Please use this identifier to cite or link to this item: https://ahro.austin.org.au/austinjspui/handle/1/33391
Title: Changes in SedLine-derived processed electroencephalographic parameters during hypothermia in patients undergoing cardiac surgery with cardiopulmonary bypass.
Austin Authors: Belletti, Alessandro;Lee, Dong-Kyu;Yanase, Fumitaka ;Naorungroj, Thummaporn ;Eastwood, Glenn M ;Bellomo, Rinaldo ;Weinberg, Laurence 
Affiliation: Intensive Care
Department of Anesthesiology and Pain Medicine, Dongguk University Ilsan Hospital, Goyang, Republic of Korea.
Australian and New Zealand Intensive Care Research Centre, Monash University, Melbourne, VIC, Australia.
Department of Intensive Care, Siriraj Hospital, Mahidol University, Bangkok, Thailand.

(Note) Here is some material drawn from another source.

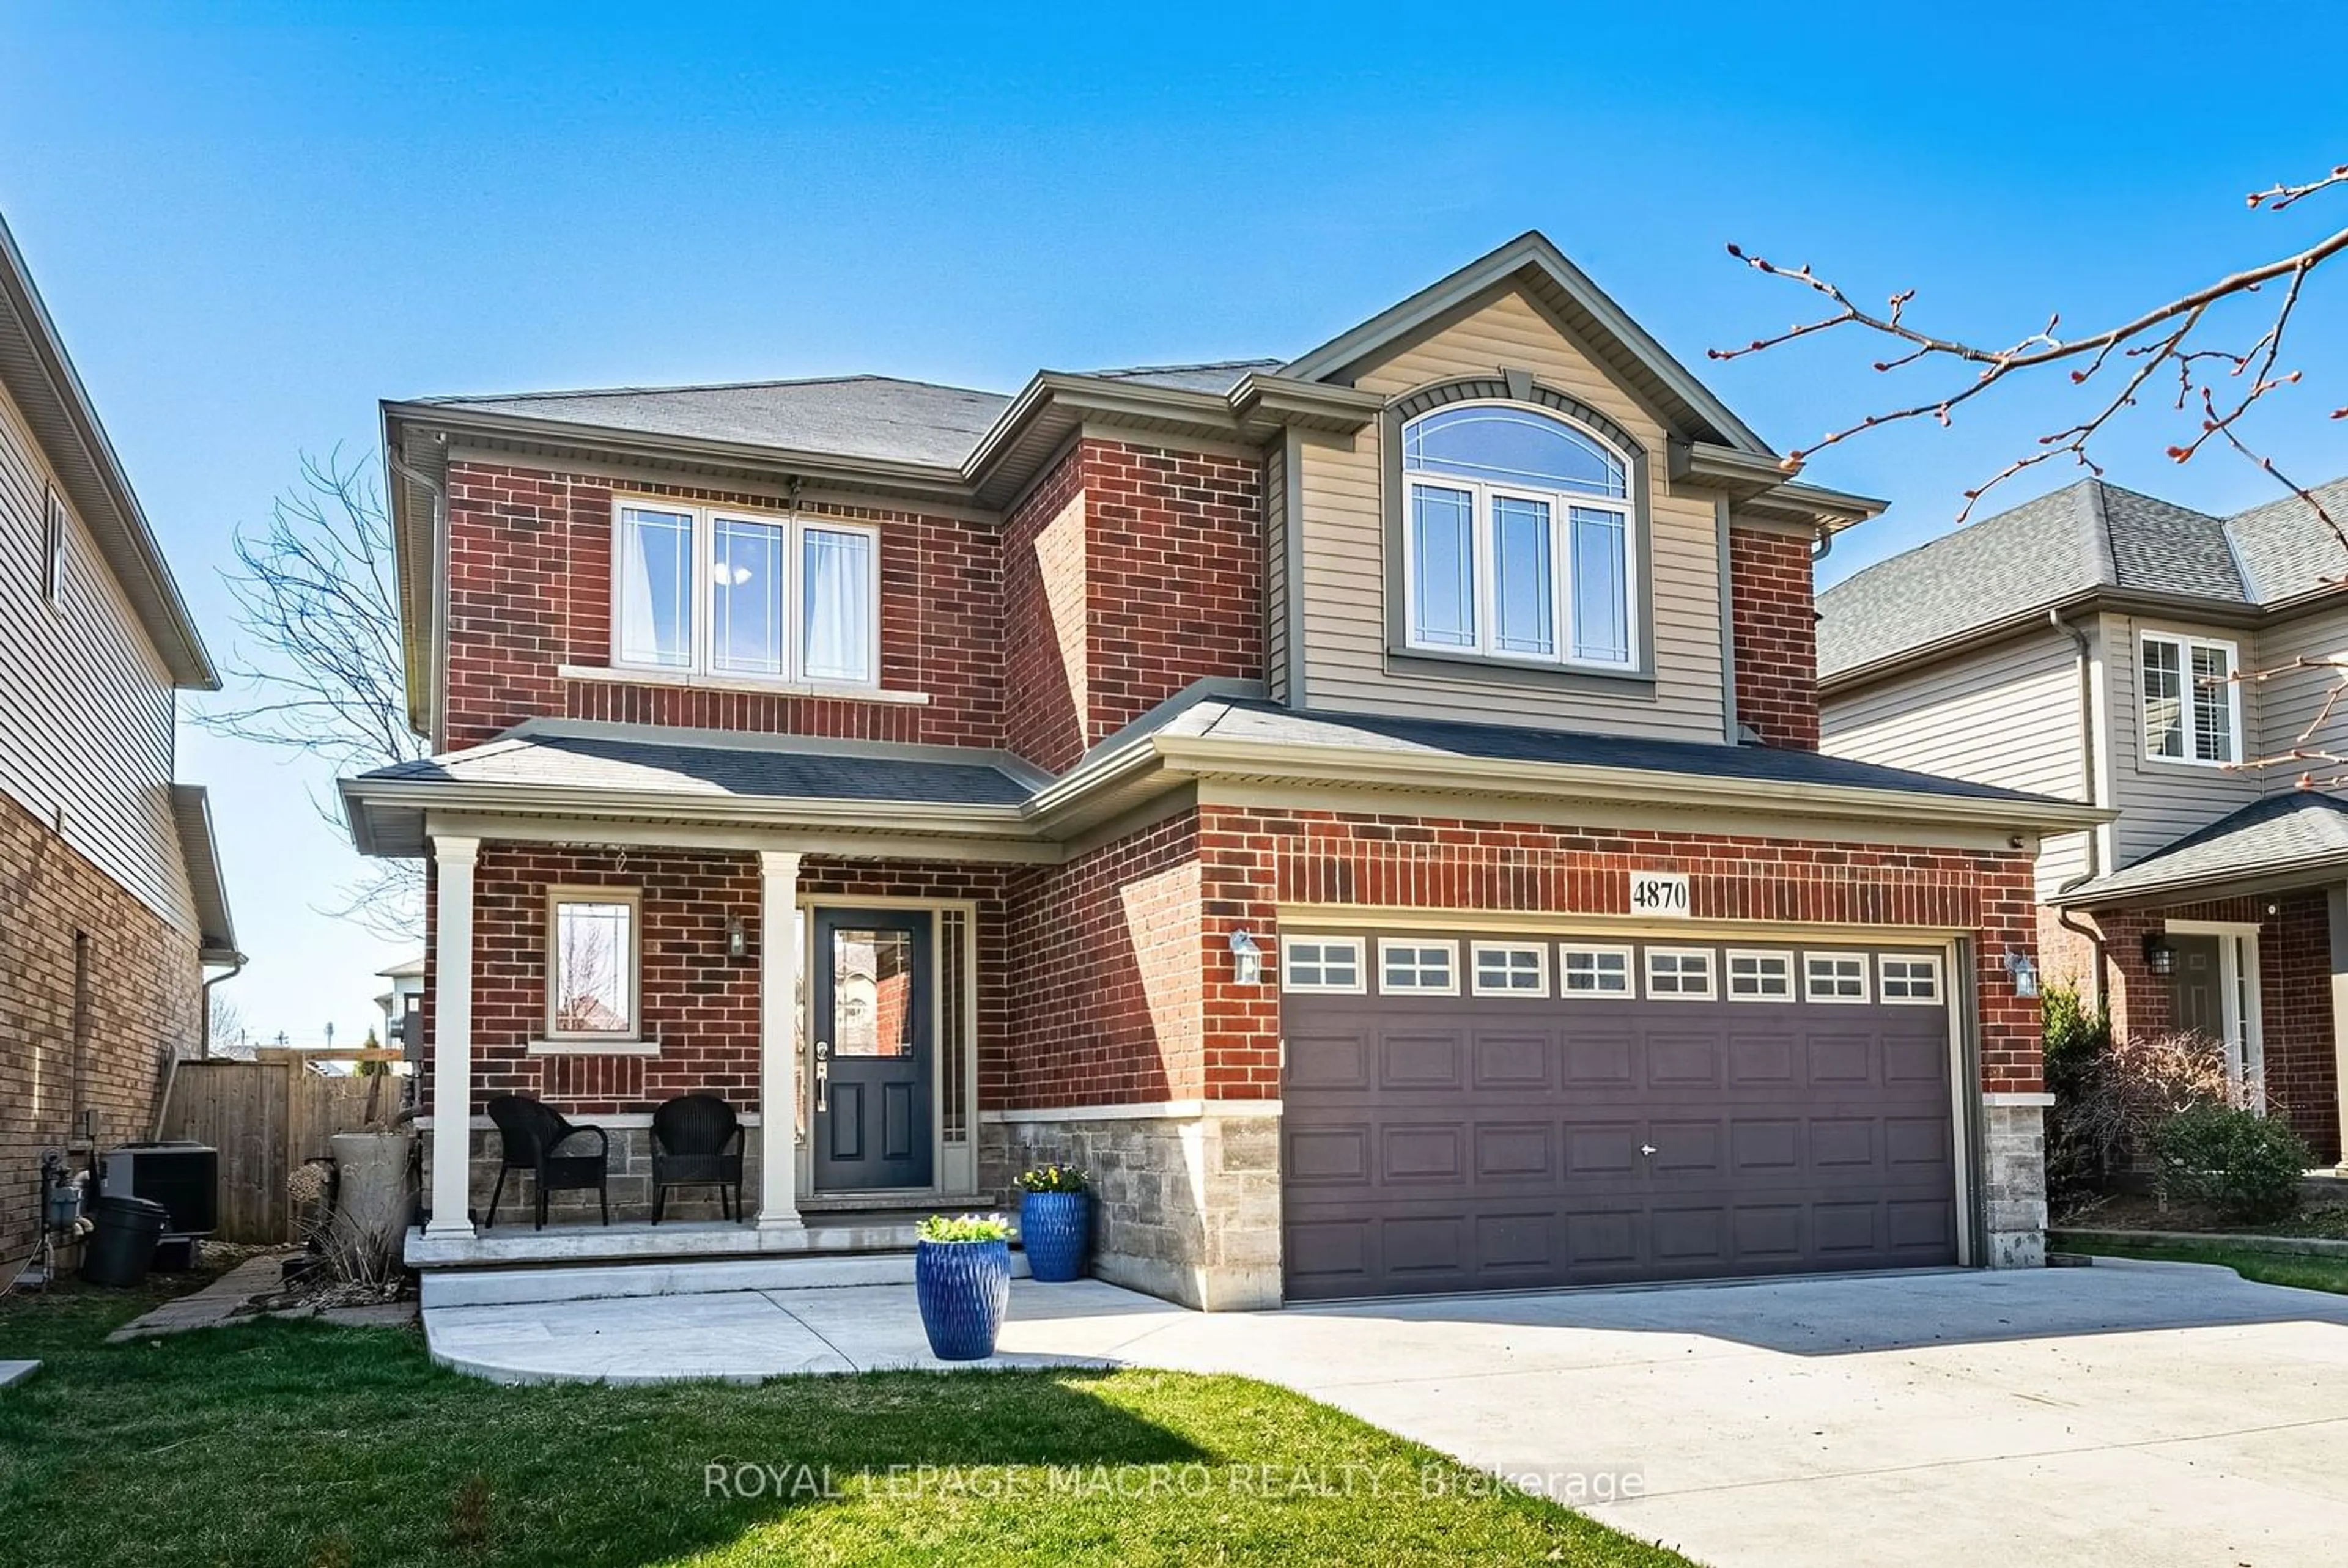 Home with brick exterior material for 4870 Allan Crt, Lincoln Ontario L0R 1B3

Department of Critical Care, The University of Melbourne, Melbourne, VIC, Australia.;Data Analytics Research and Evaluation Centre, The University of Melbourne and The Austin Hospital, Melbourne, VIC, Australia.

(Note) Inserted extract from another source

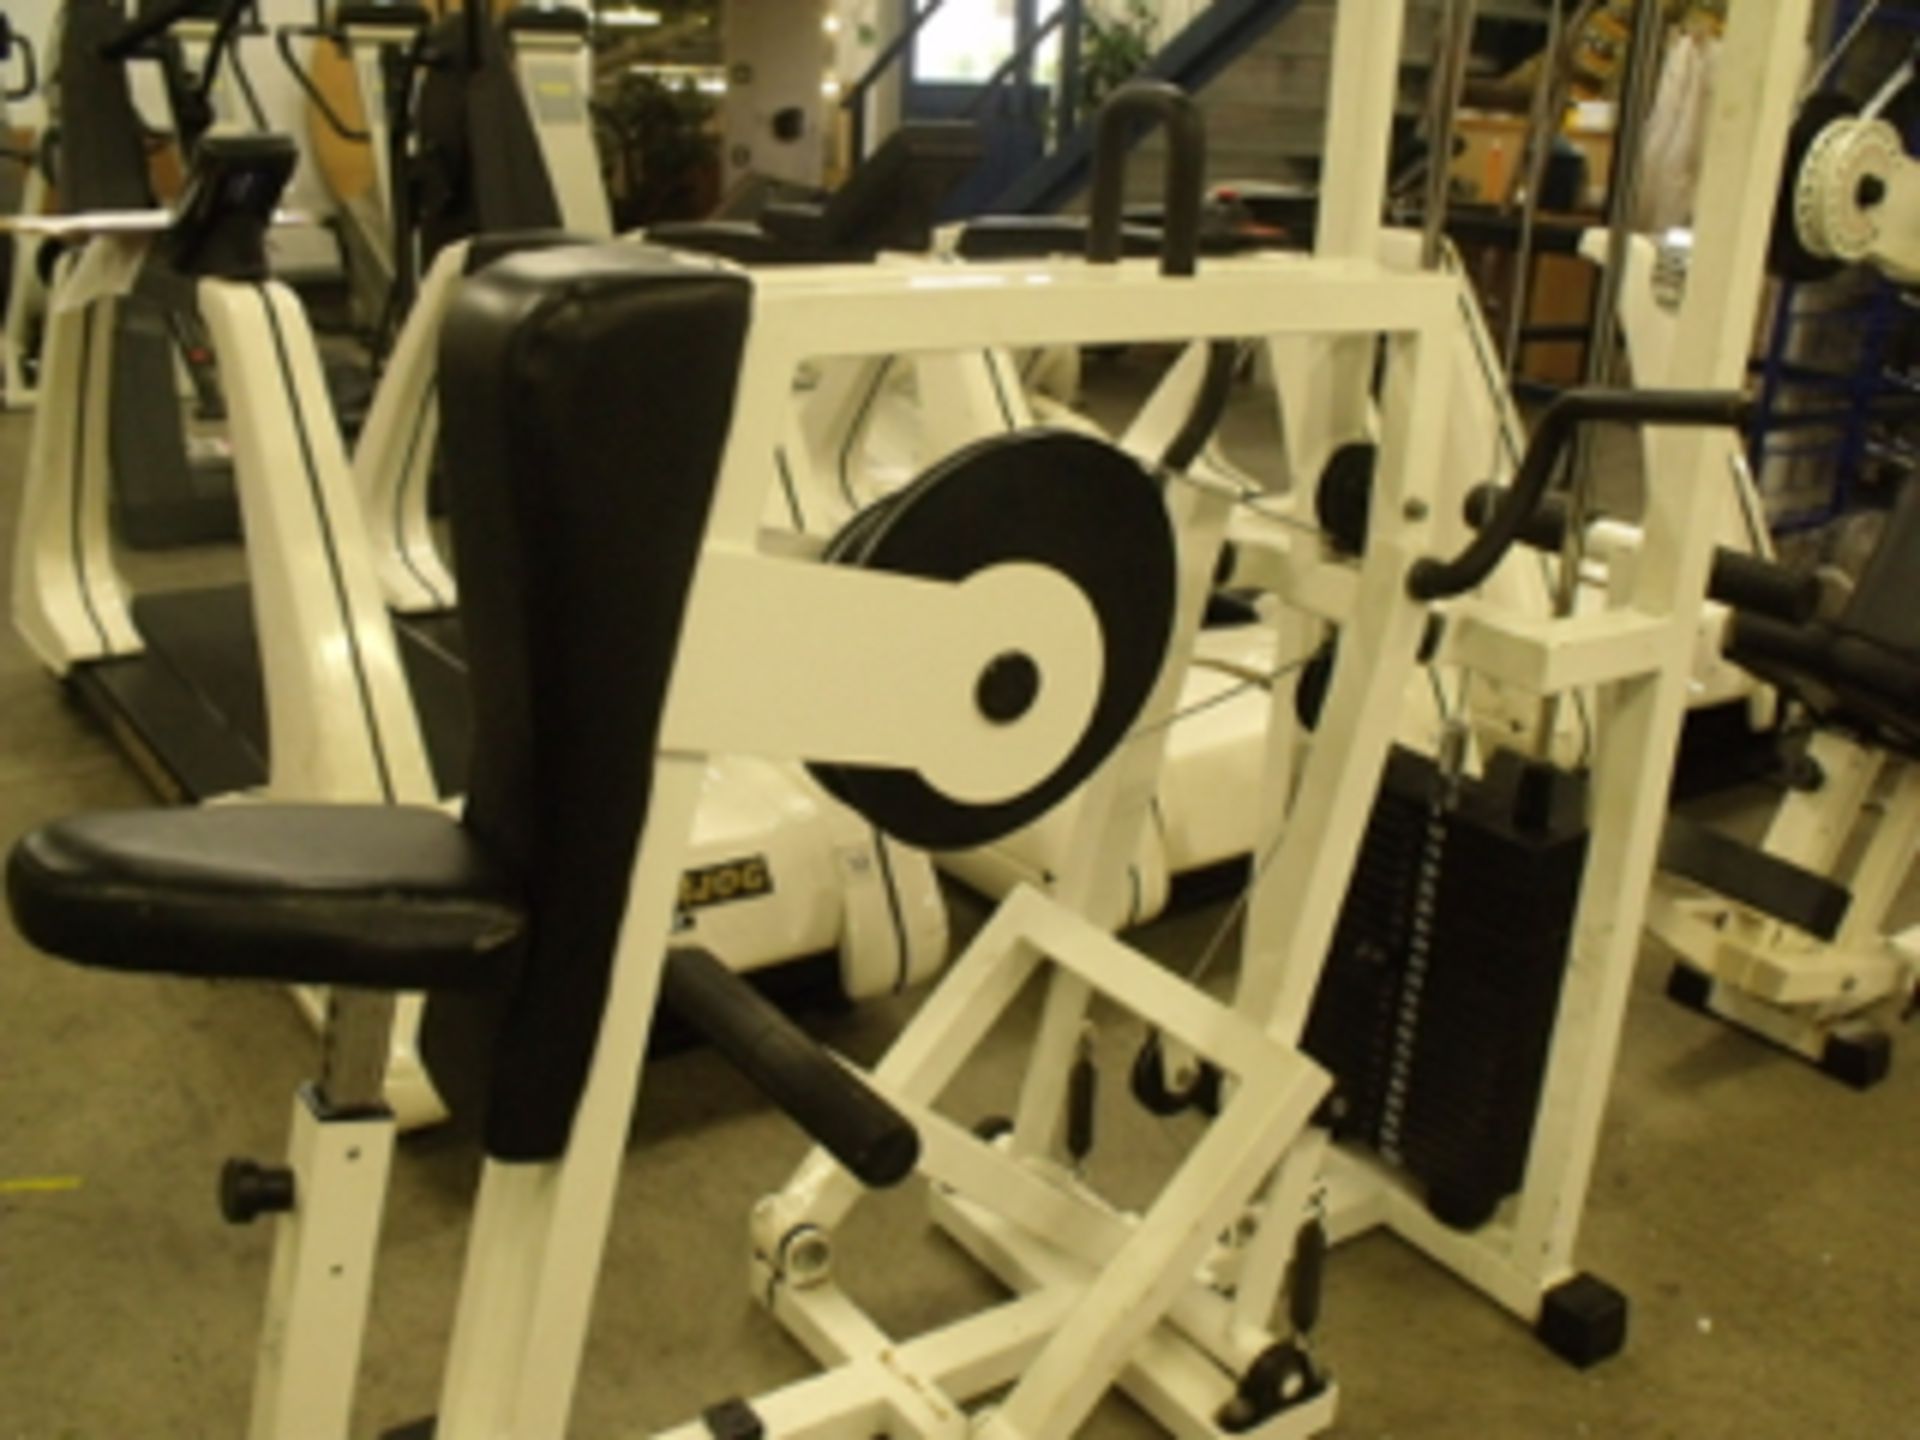 techno gym vertical row machine with 100kg weight set - Image 3 of 3

Department of Anaesthesia and Intensive Care, IRCCS San Raffaele Scientific Institute, Milan, Italy.
Issue Date: 2023
Date: 2023
Publication information: Frontiers in Cardiovascular Medicine 2023; 10
Abstract: Processed electroencephalography (pEEG) is used to monitor depth-of-anesthesia during cardiopulmonary bypass (CPB). The SedLine device has been recently introduced for pEEG monitoring. However, the effect of hypothermia on its parameters during CPB is unknown. Accordingly, we aimed to investigate temperature-induced changes in SedLine-derived pEEG parameters during CPB. Prospective observational study. Cardiac surgery operating theatre. 28 patients undergoing elective cardiac surgery with CPB. We continuously measured patient state index (PSI), suppression ratio (SR), bilateral spectral edge frequency (SEF) and temperature. We used linear mixed modelling with fixed and random effects to study the interactions between pEEG parameters and core temperature. During CPB maintenance, the median temperature was 32.1°C [interquartile range (IQR): 29.8-33.6] at the end of cooling and 32.8°C (IQR: 30.1-34.0) at rewarming initiation. For each degree Celsius change in temperature during cooling and rewarming the PSI either decreased by 0.8 points [95% confidence interval (CI): 0.7-1.0; p < 0.001] or increased by 0.7 points (95% CI: 0.6-0.8; p < 0.001). The SR increased by 2.9 (95% CI: 2.3-3.4); p < 0.001) during cooling and decreased by 2.2 (95% CI: 1.7-2.7; p < 0.001) during rewarming. Changes in the SEF were not related to changes in temperature. During hypothermic CPB, temperature changes led to concordant changes in the PSI. The SR increased during cooling and decreased during rewarming. Clinicians using SedLine for depth-of-anesthesia monitoring should be aware of these effects when interpreting the PSI and SR values.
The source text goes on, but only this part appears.